Garda Commissioner apologises for 'significant failures' investigating Bill Kenneally
By Cillian Sherlock, Press Association
The Garda Commissioner has apologised for “significant failures” in investigating paedophile Bill Kenneally.
The apology comes more than a month after a major report found a “clear and serious dereliction of duty” on behalf of gardaí investigating the paedophile.
Kenneally, in his early 70s and formerly of Summerville Avenue, Waterford city, died in prison last month after pleading guilty to 10 sample counts of indecently assaulting 10 boys at various locations in Waterford in the 1980s.
The predator gave evidence to a Commission of Investigation into his abuse, where he said he had told two senior gardaí in the boardroom of a Garda station on December 30th, 1987 “what I was doing”.
It found the failure on behalf of acting Chief Superintendent Sean Cashman, and to a “lesser extent” acting Superintendent PJ Hayes after December 1987, to conduct a proper investigation into the activities of Kenneally, was a “clear and serious dereliction of duty even by the standards of the time”.

The Commission’s report said that gardaí had enough evidence to arrest Kenneally on suspicion of false imprisonment and indecent assault by the time this interview took place, and to search his house and car.
At the time, he was in possession of Polaroid images of naked boys in his home and car, the report said.
At the meeting on December 30th, 1987, Kenneally was not cautioned, proper notes were not taken, the investigation was not properly established and no file was created.
One of the officers also had a conflict of interest as he was “a close friend” of Kenneally’s uncle, Monsignor John Shine, and should have recused himself from the investigation.
On the day the report was published in June, An Garda Síochána said its thoughts were with the “victims of this terrible abuse” and that it had since “invested significantly in the investigation of domestic and sexual abuse”.

However, it said it would “need time to review” the report “before commenting on it”.
It repeatedly declined to comment on the report in the following week.
On Tuesday, more than a month after the report’s publication, Commissioner Justin Kelly said An Garda Síochána “fully accepts” the findings of the South East Commission of Investigation.
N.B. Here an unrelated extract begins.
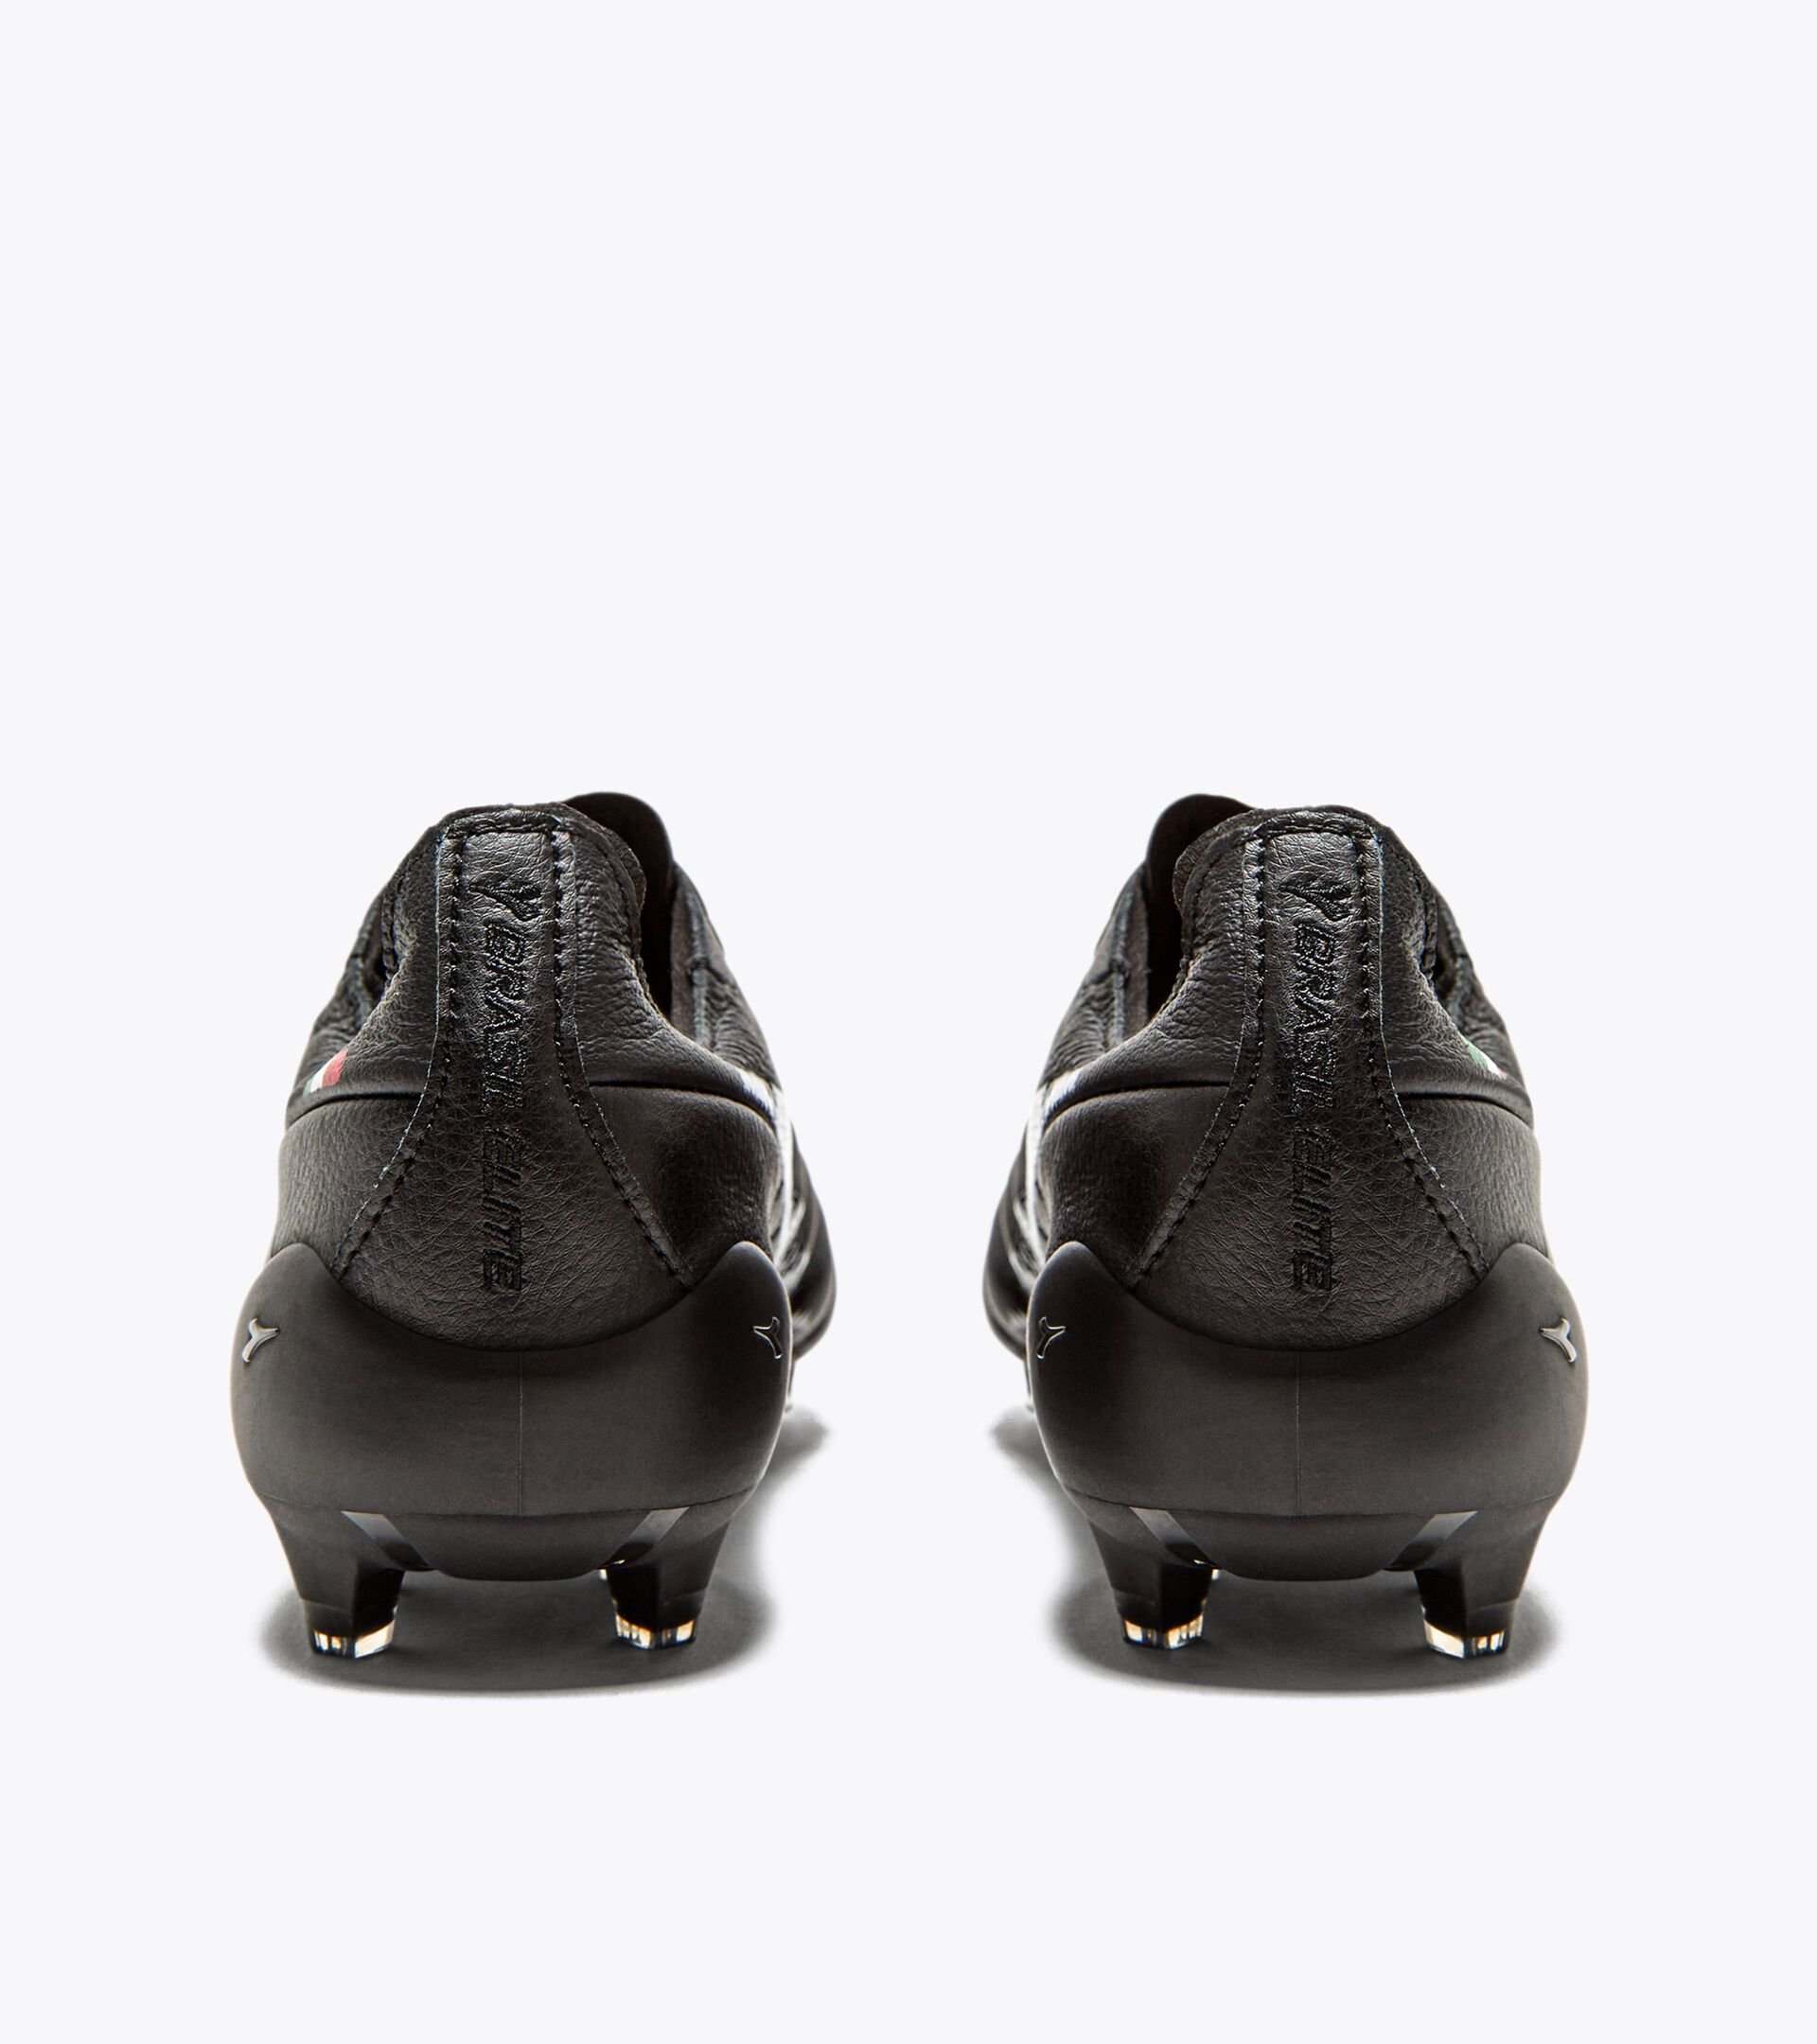 Firm ground and synthetic pitches football boots - Made in Italy BRASIL ELITE2 TECH ITA LPX BLACK - Diadora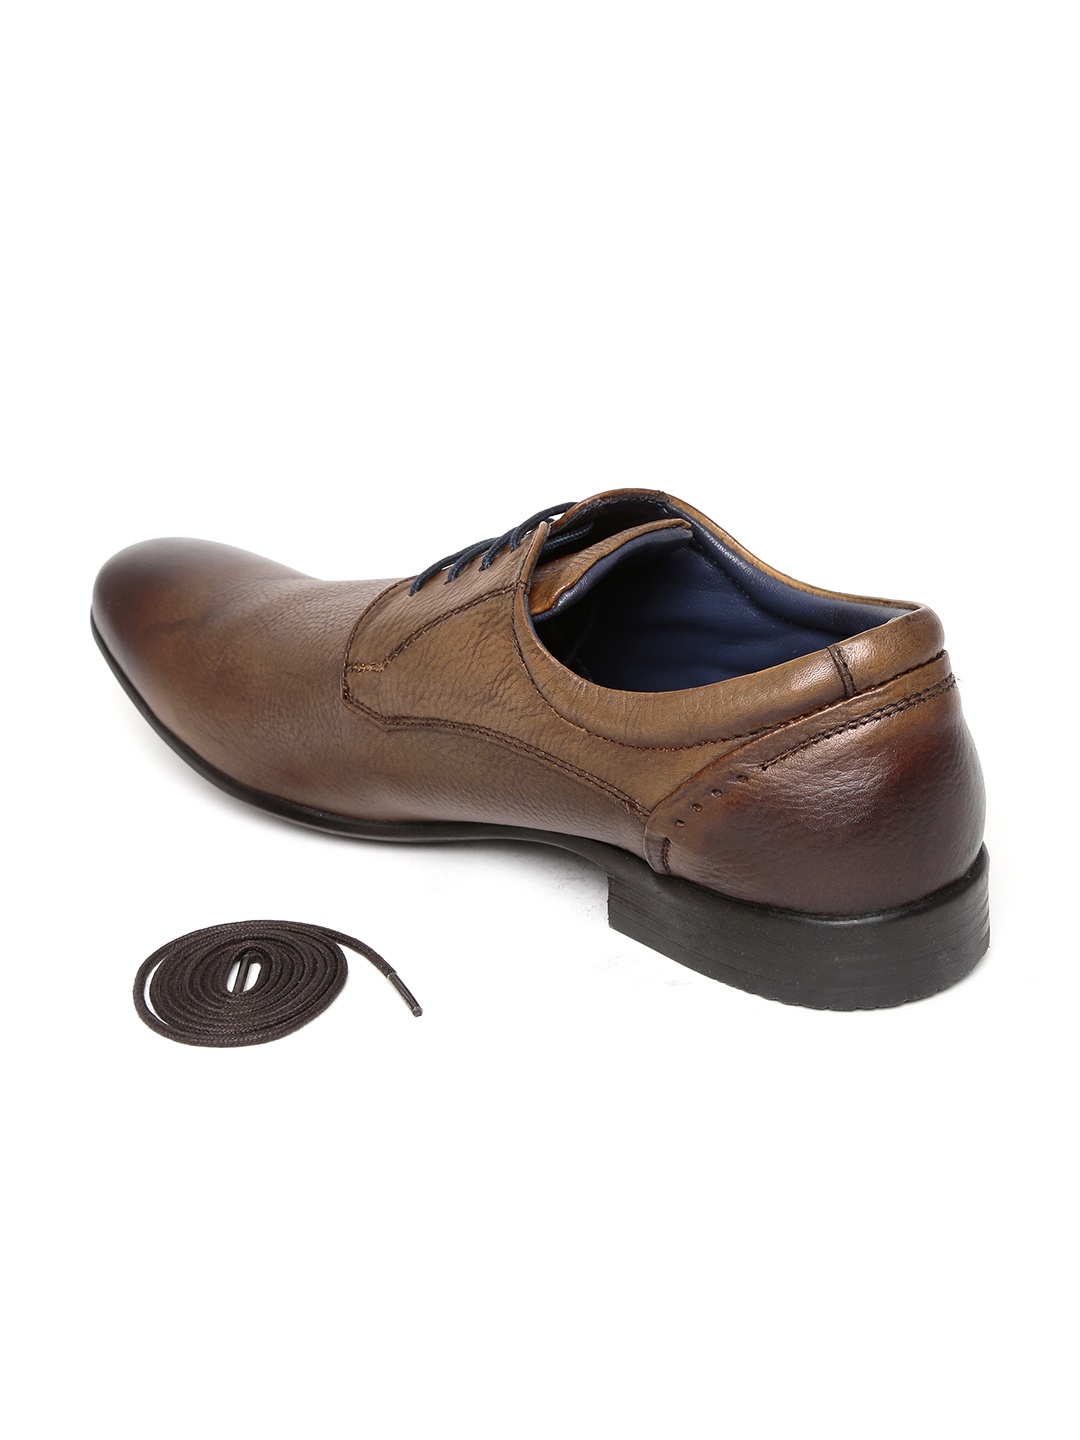 ... Formal Shoes by Hush Puppies More Brown Formal Shoes More Formal Shoes

It came shortly after Taoiseach Micheál Martin offered a State apology to the victims in the Dáil.
Mr Kelly noted the commission said the quality of the second investigation, which resulted in guilty pleas, was “superb” and did not contain any mala fides or cover-up on the part of An Garda Síochána – although it had not proceeded with expedition.
He said: “An Garda Síochána acknowledges and regrets that victims Jason Clancy and A7 were not communicated with properly in the initial stages of this second investigation.”
"As Garda commissioner, I wish to offer my personal apology to the victims of Bill Kenneally for the significant failures of An Garda Síochána, we fell far short of what is expected of us.”